Tell us about an exciting new innovation.
I think the coolest innovation is a self-cleaning, odor-free, low-temperature AquaLift self-clean technology from Whirlpool/Maytag. It’s been nearly 50 years since self-cleaning ovens were introduced, and it was time for something new.
What’s nice is the time difference. Now, in less than 60 minutes, the oven is ready to be wiped down to remove food and debris, and there’s no odor or extreme heat like you have with traditional, high-temperature, self-clean ovens.
AquaLift uses an enamel oven coating, low heat and water to release baked-on spills in about an hour. In the past, self-cleaning used to take four or five hours from start to finish. Now, temperatures stay around 200 degrees, instead of going to 800 degrees, like you used to see with the self-cleaning cycle.
What else is new with ovens?
Convection ovens are fast becoming popular in home kitchens, and they’re available in either gas or electric. The difference between that and a traditional oven is that the convection oven has a fan, which has two advantages: It circulates the hot air, resulting in more-even cooking, browning and crisping, and it shortens cooking times by about 25 percent.
We’re also seeing a reintroduction of induction cooking. An induction burner is faster and more energy-efficient than a traditional electric cooking surface. It allows instant control of cooking energy, similar to gas burners. The process of induction causes the vessel to become the heating element. If you’re boiling water, it’s fast, easy to clean up, relatively cool, and you’re not spilling on blazing-hot cook tops. The only requirement is it has to be a magnetic pan that will stick to your cooking surface.
Dual ovens remain popular. The general consensus is that the ovens now sit in the same cavity. The smaller one sits on top, and the bigger one sits on the bottom. The little oven is used 75 percent of the time, and is popular with empty-nester households. In bigger households, most of what is cooked can be fit in the smaller oven, 80 percent of the time. That’s the flexibility of having two ovens: You can have the casserole on top and the turkey down below.
What does the future hold for appliances?
There are so many changes to contend with, whether it’s buying habits, cooking habits, laundry or fabric changes.

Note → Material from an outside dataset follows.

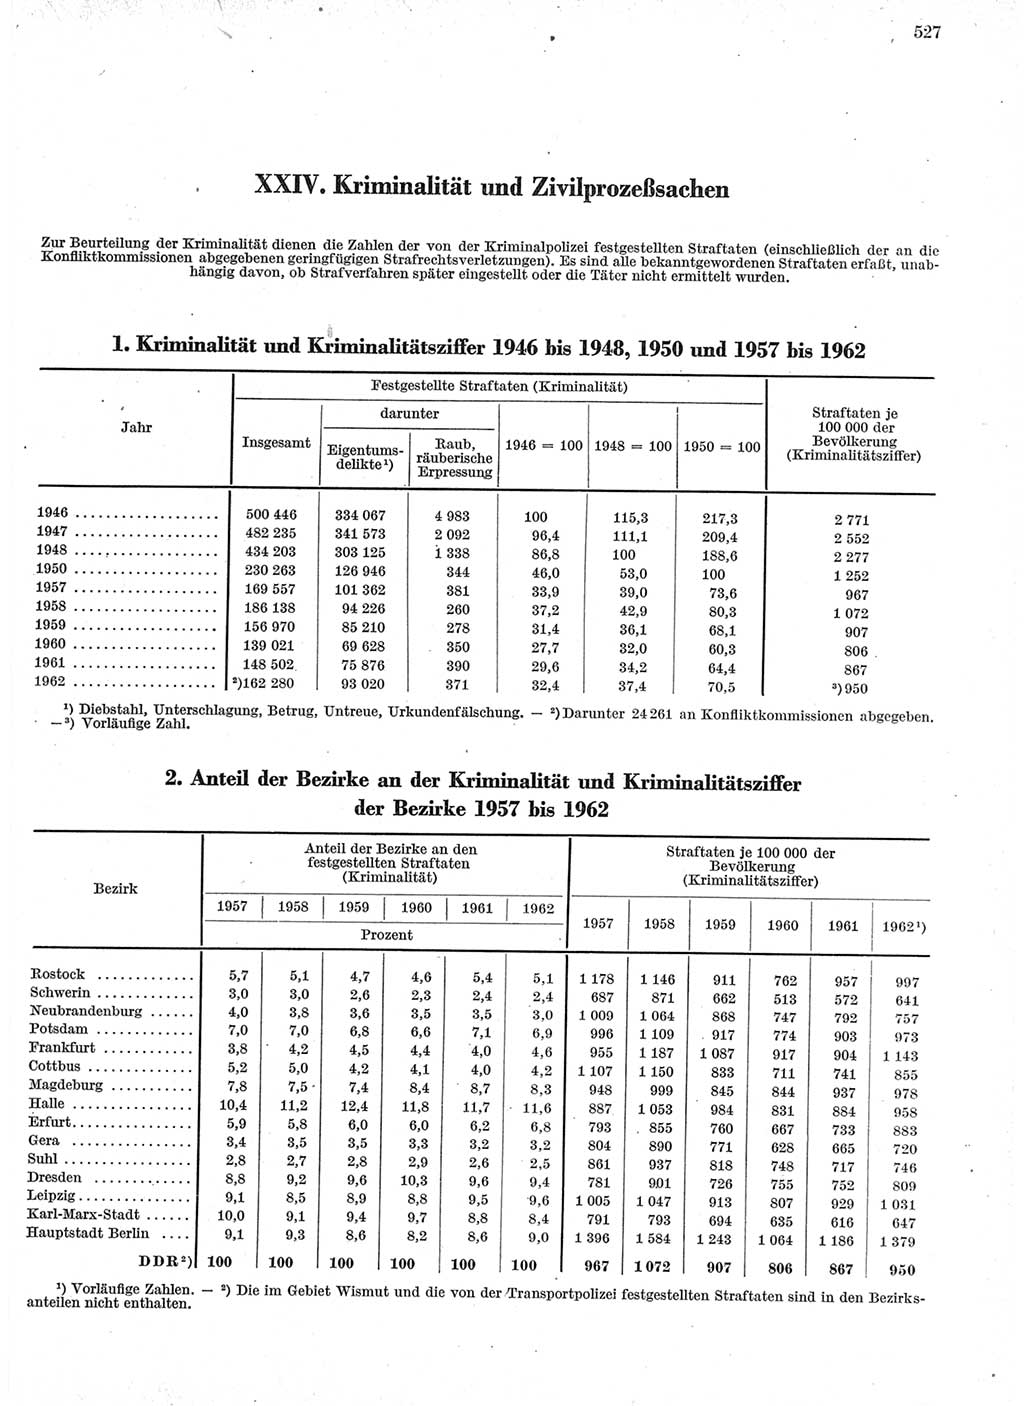 Statistisches Jahrbuch der Deutschen Demokratischen Republik (DDR) 1963, Seite 527 (Stat. Jb. DDR 1963, S. 527)
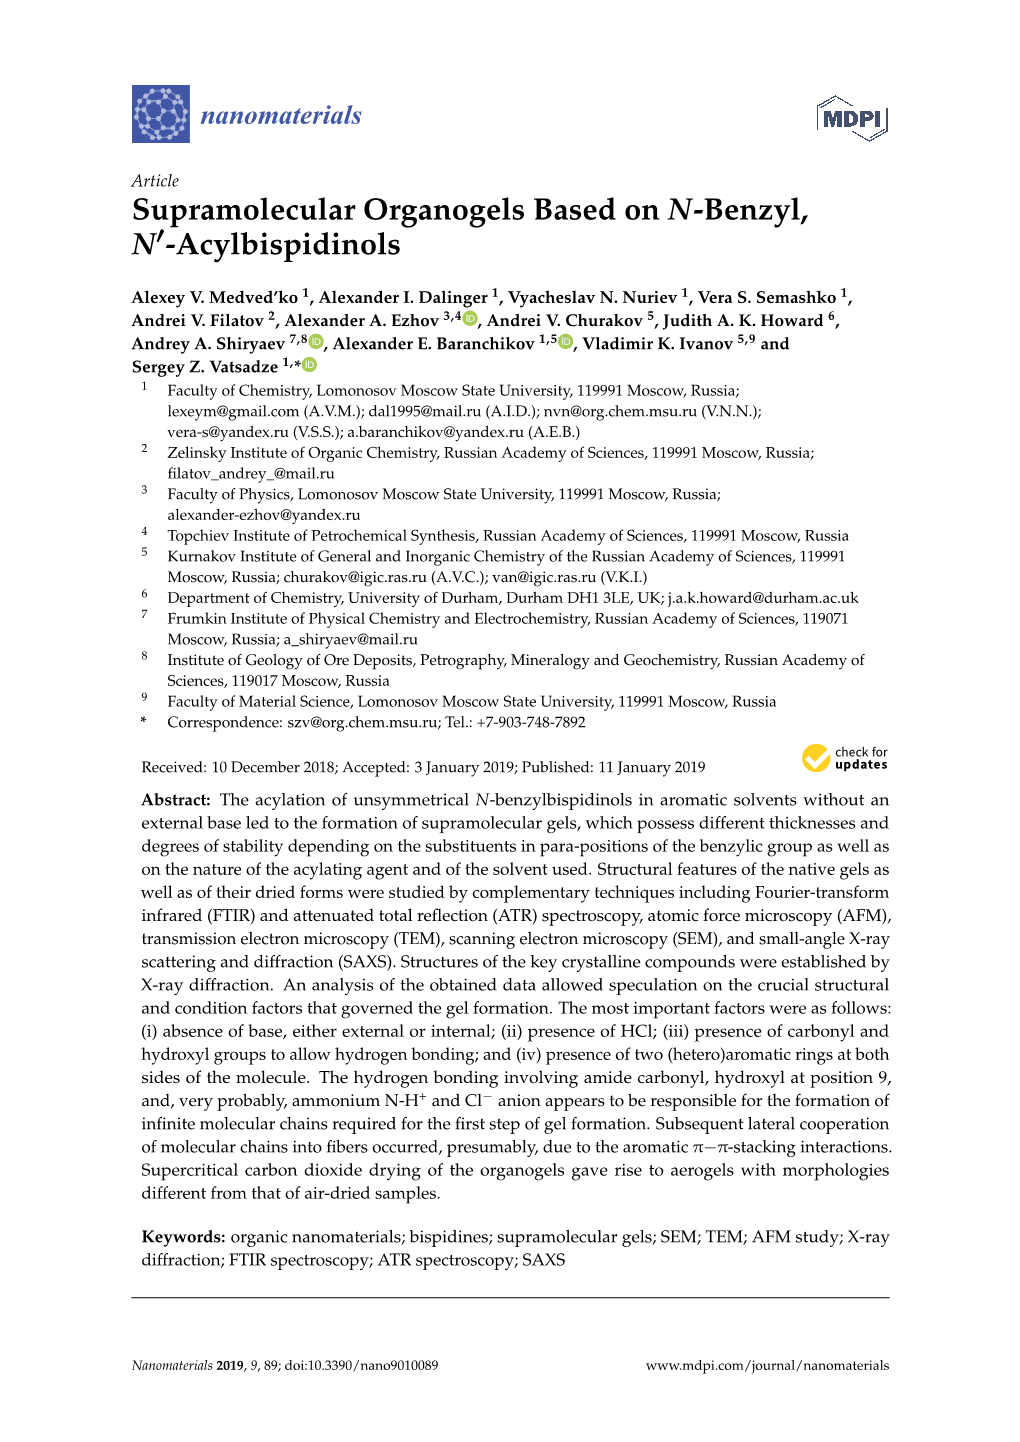 Supramolecular Organogels Based on N-Benzyl, N'-Acylbispidinols

Some features are new, and others have been around for a while but may be new to the consumer.
I believe technology is only going to get better. Dishwashers, for example, are so good right now. They are so quiet that you need visual or audio signals to know when a cycle is done, and water consumption is next to nothing these days.
At some point, you’ll be able to call your refrigerator from a remote location and find out what you need from the grocery store. Things are always happening in this business. That’s what makes it so exciting.